Data excerpt ->
============

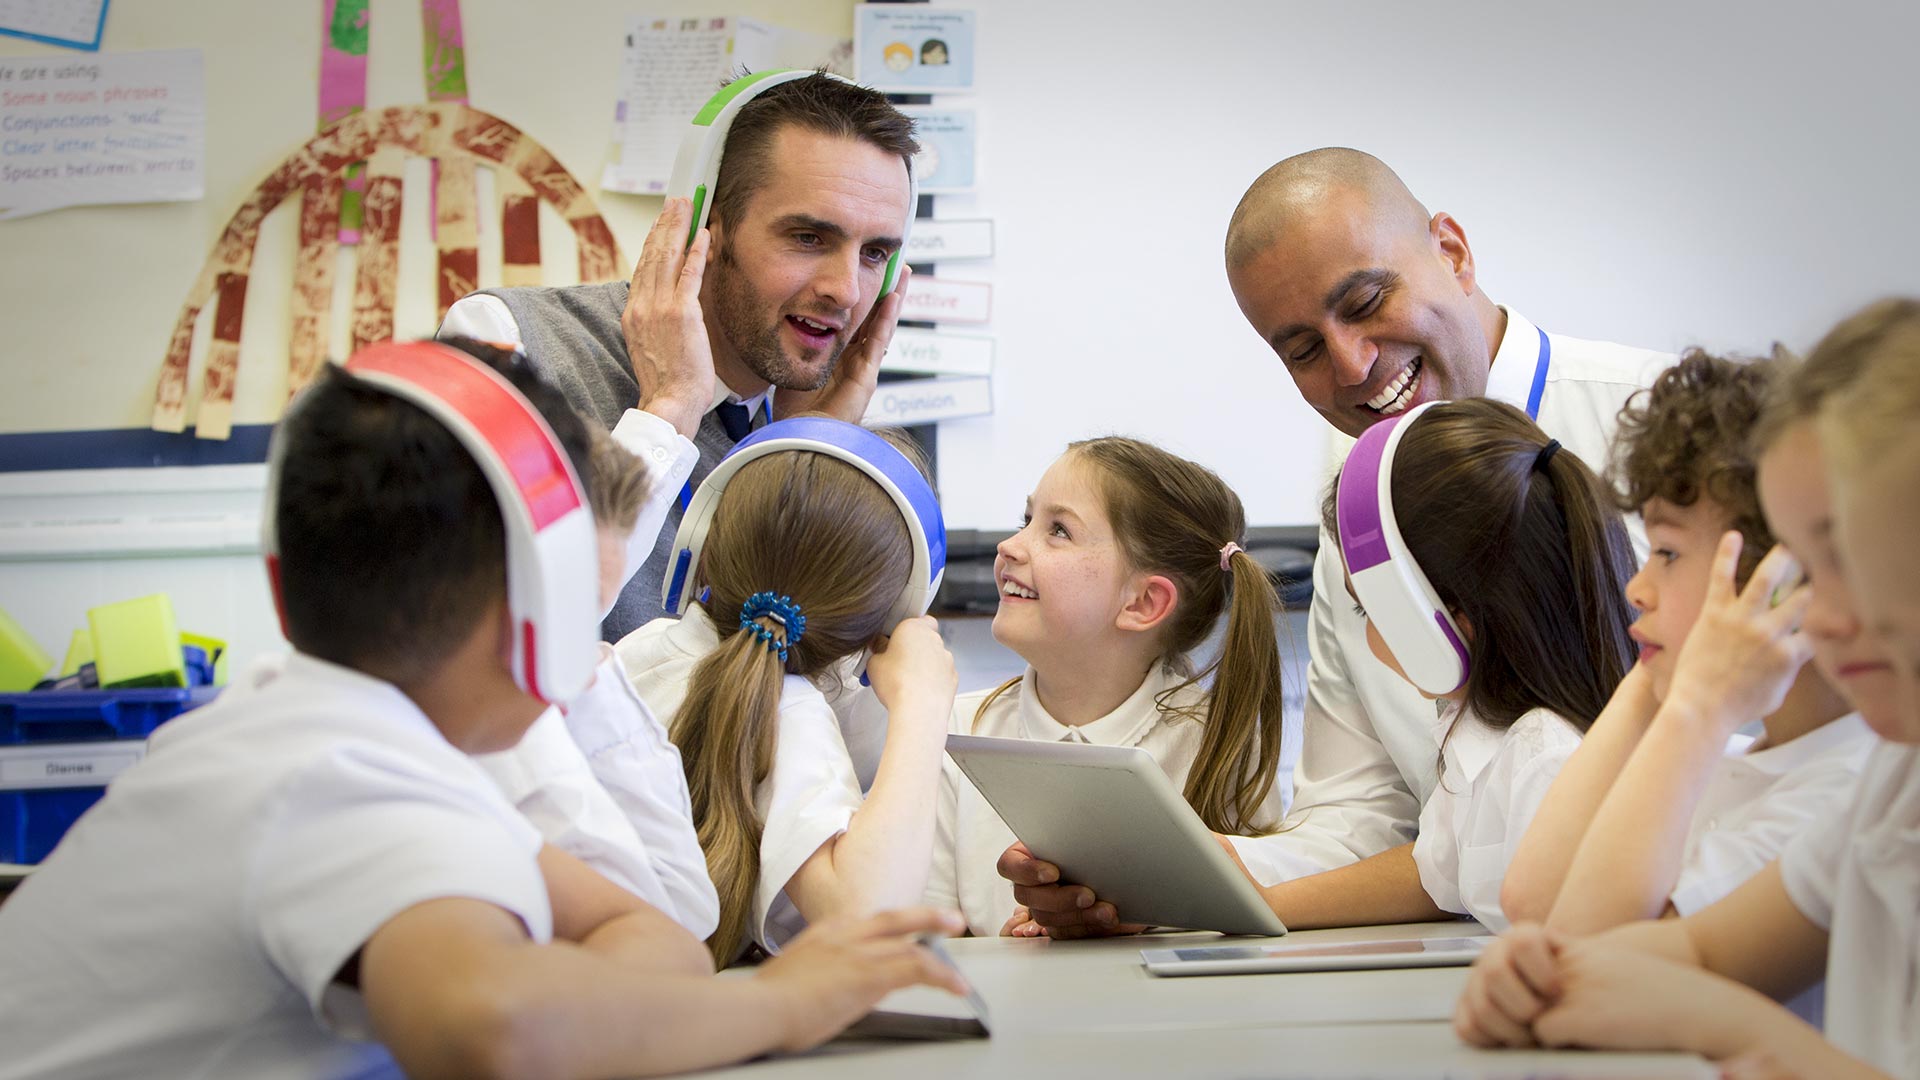 Teachers using technology with grade school students
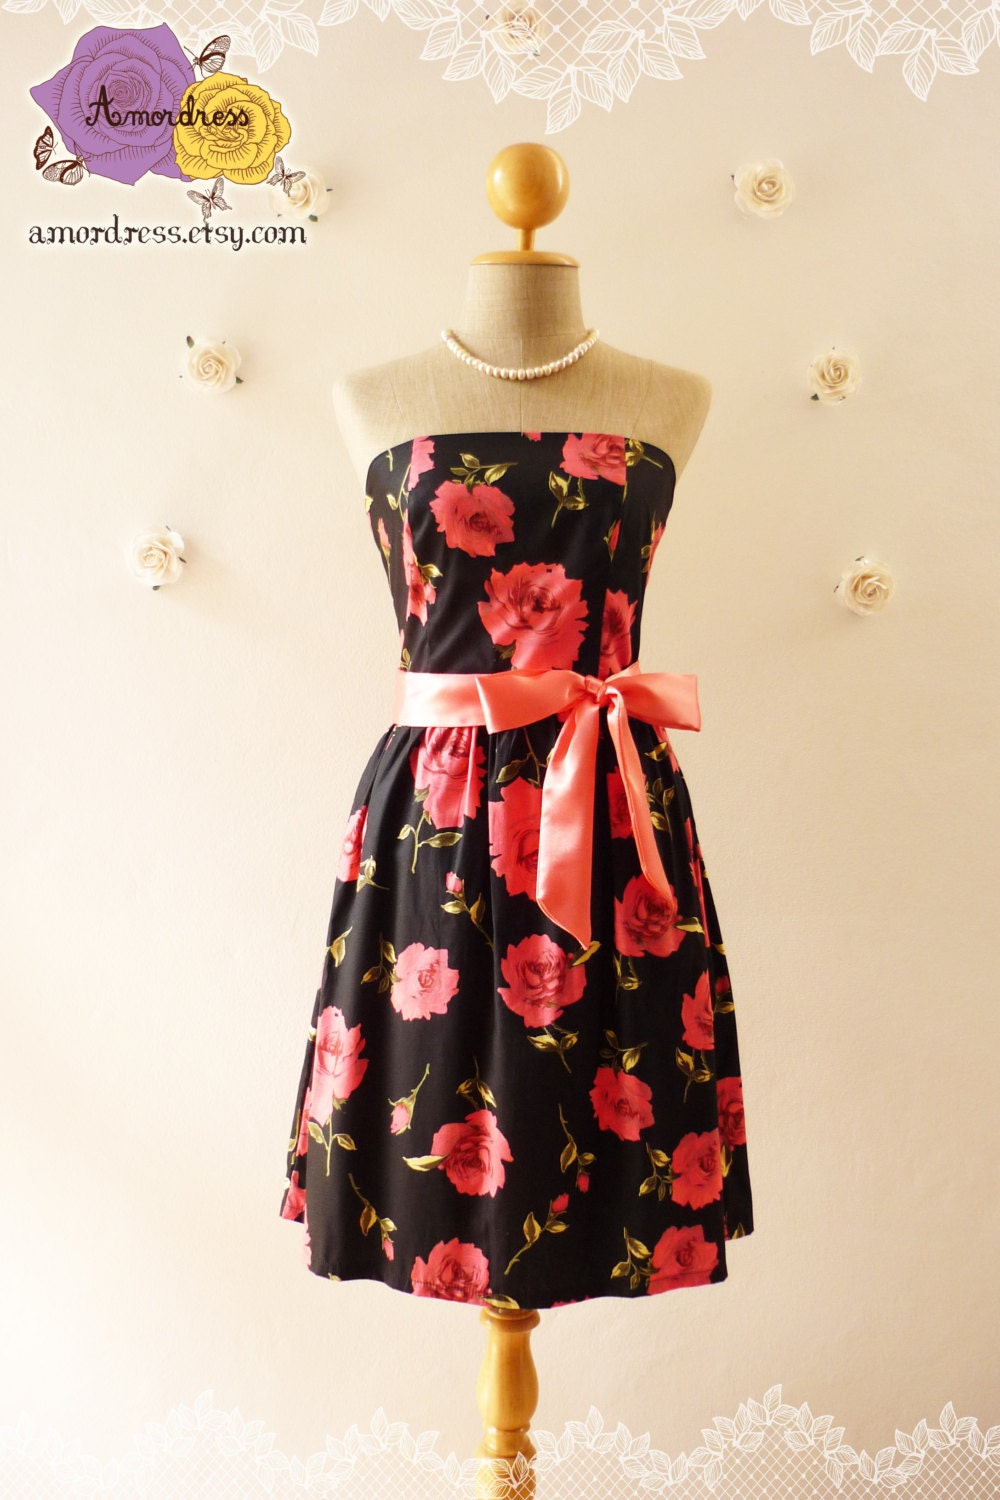 Floral Party Dress.. Black with Pink Rose Gorgeous by Amordress
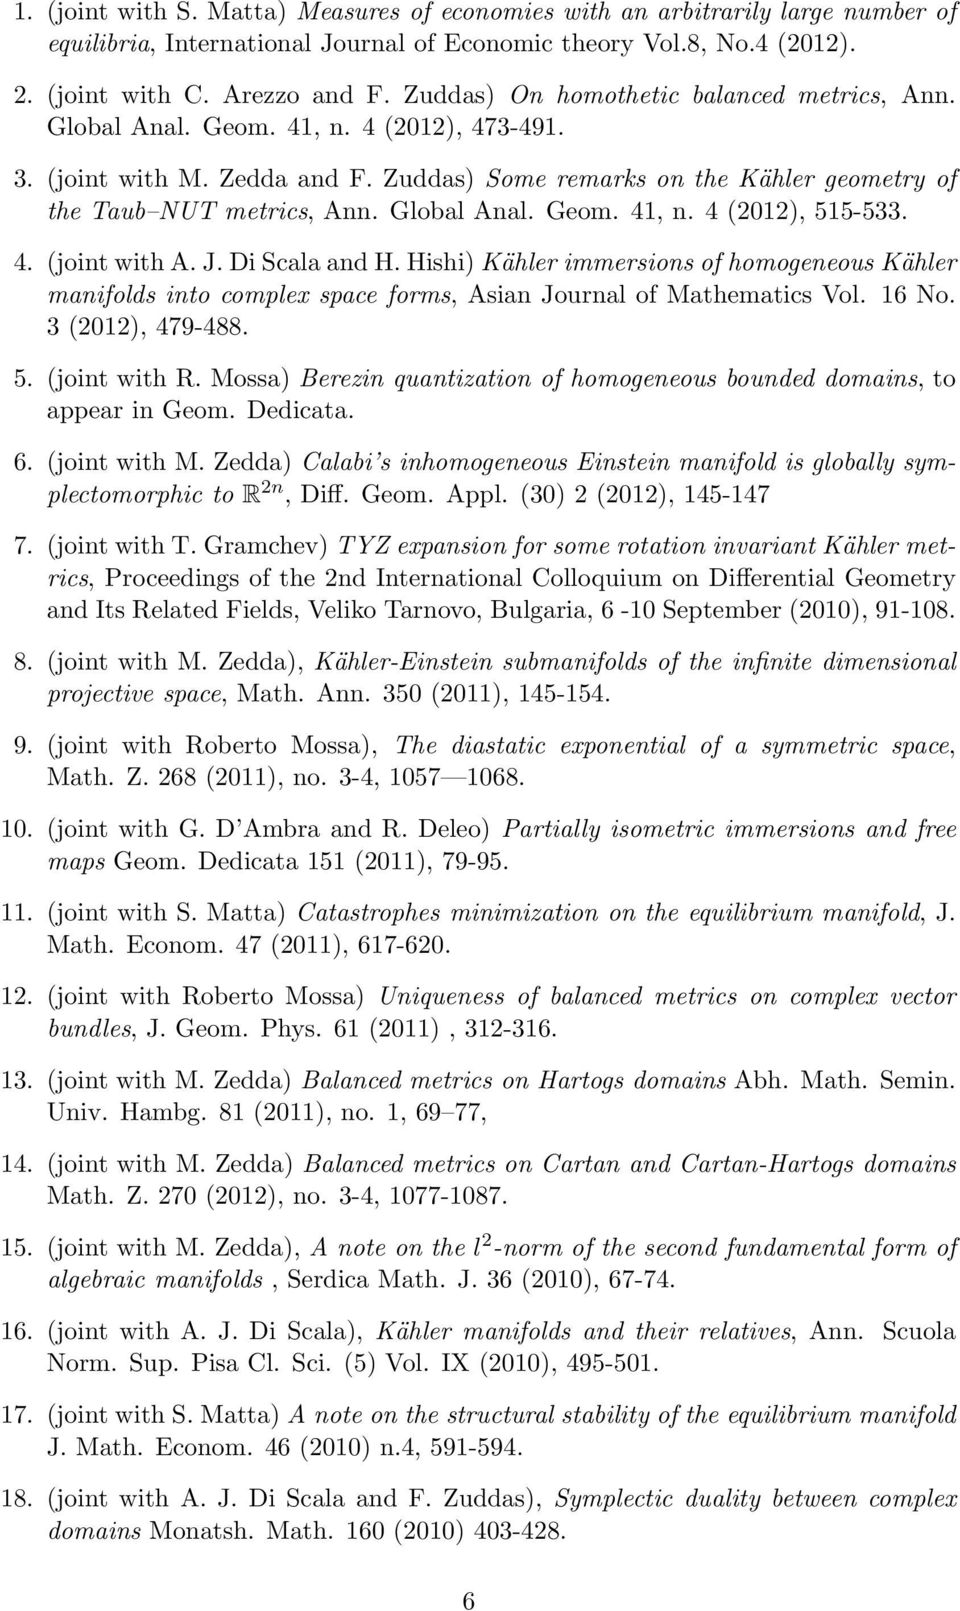 Global Anal. Geom. 41, n. 4 (2012), 515-533. 4. (joint with A. J. Di Scala and H. Hishi) Kähler immersions of homogeneous Kähler manifolds into complex space forms, Asian Journal of Mathematics Vol.

============

Problem requirements -> Write out the whole listing exactly. Do not include the pictures.

Exercise response ->
 Teachers using technology with grade school students
 Floral Party Dress.. Black with Pink Rose Gorgeous by Amordress
 Global Anal. Geom. 41, n. 4 (2012), 515-533. 4. (joint with A. J. Di Scala and H. Hishi) Kähler immersions of homogeneous Kähler manifolds into complex space forms, Asian Journal of Mathematics Vol.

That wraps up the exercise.